This definition, to be taken seriously, is juxtaposed with an ironically used definition. This denotes management fashions . Since the 1980s a rapidly growing market for management advisory literature has emerged, in which millions of books are sold each year around the world, which essentially deal with the following question: "What should be done in organizations if ...". Many of these guides have been marketed as a new management philosophy . Management philosophy oscillates between charlatanism and practical philosophy as an antidote to bureaucratization tendencies of organizations.

Critical analyzes identify five problem areas:

  1. Management philosophy prevents management from becoming more professional, since it is old wine in new bottles ;
  2. Management philosophy only produces hot air, it is trivial, short-lived and fashion-oriented;
  3. Management philosophy is above all a lucrative business and as such dubious;
  4. Management philosophy contradicts itself continuously and thus represents a death pill of logic;
  5. Management philosophy with its sometimes radical concepts deregulate historically grown structures of the working society.

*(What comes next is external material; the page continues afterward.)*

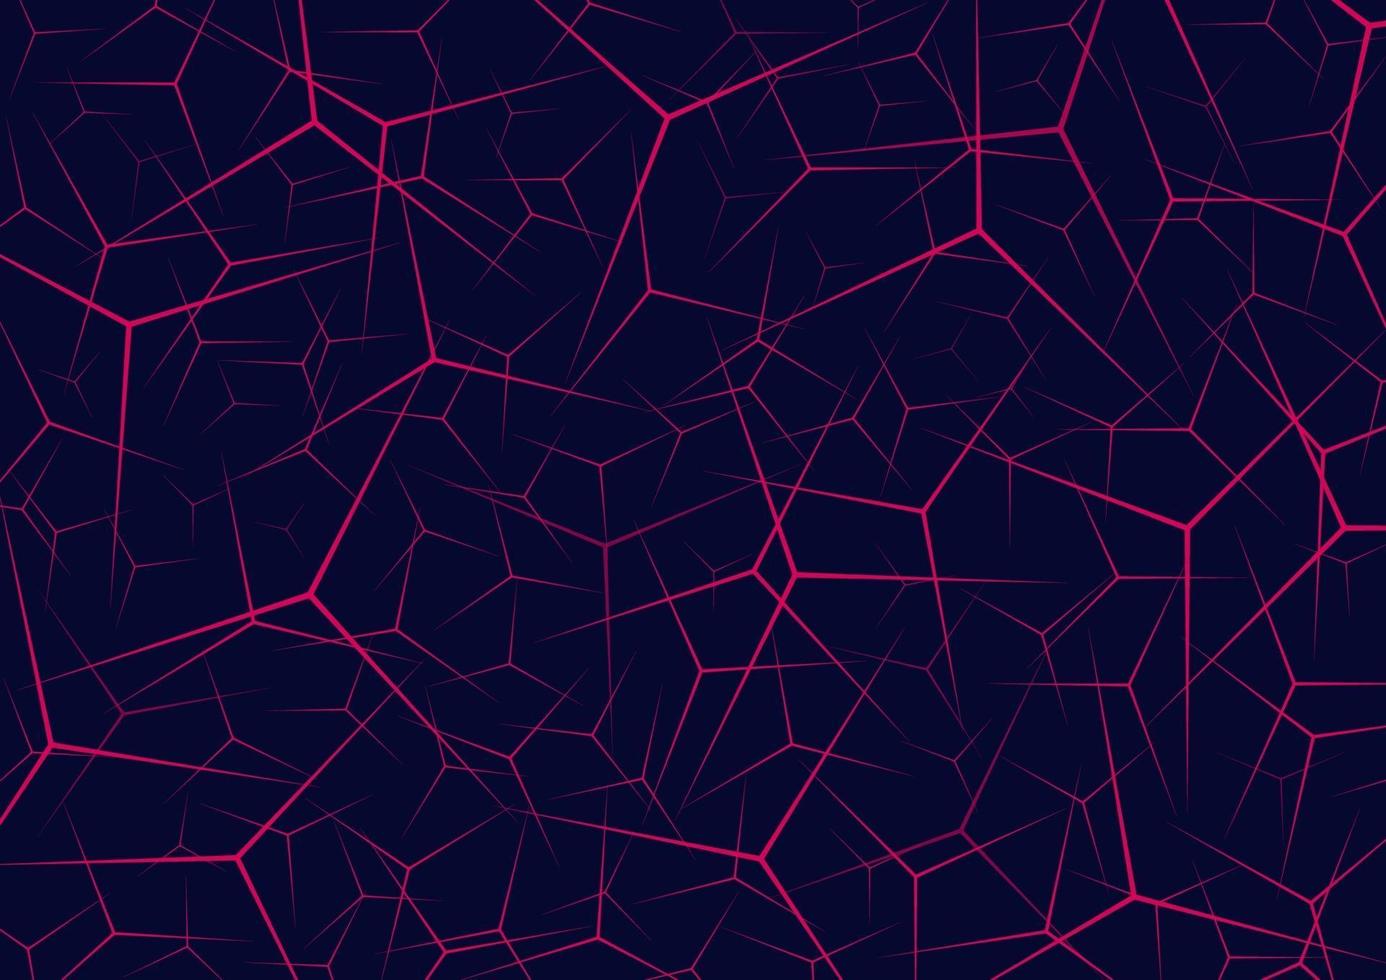 abstrakt rosa skarp linjemönster som överlappar varandra på mörkblå bakgrund. vektor

The remarkable innovations in the management genre by management philosophers are meanwhile "de-dramatized" by some scientists ( Helmut Willke ). From the point of view of a post-classical management understanding, productive services exist if one assumes that decisions can no longer be made according to a true / false code. It then becomes the task of an injunctive management philosophy to always put new constructions in the place of undecidability (Weber 2005). The tendency towards catchwords of many management philosophers is seen positively, or understood as "a kind of premature birth of the terms" ( Norbert Bolz ), which is about symbolically condensing, staging and communicating management trends. Dirk Baecker sees the management philosophy as a philosophy of injunctions, i.e. requests that aim not at theoretical, but practical reflection.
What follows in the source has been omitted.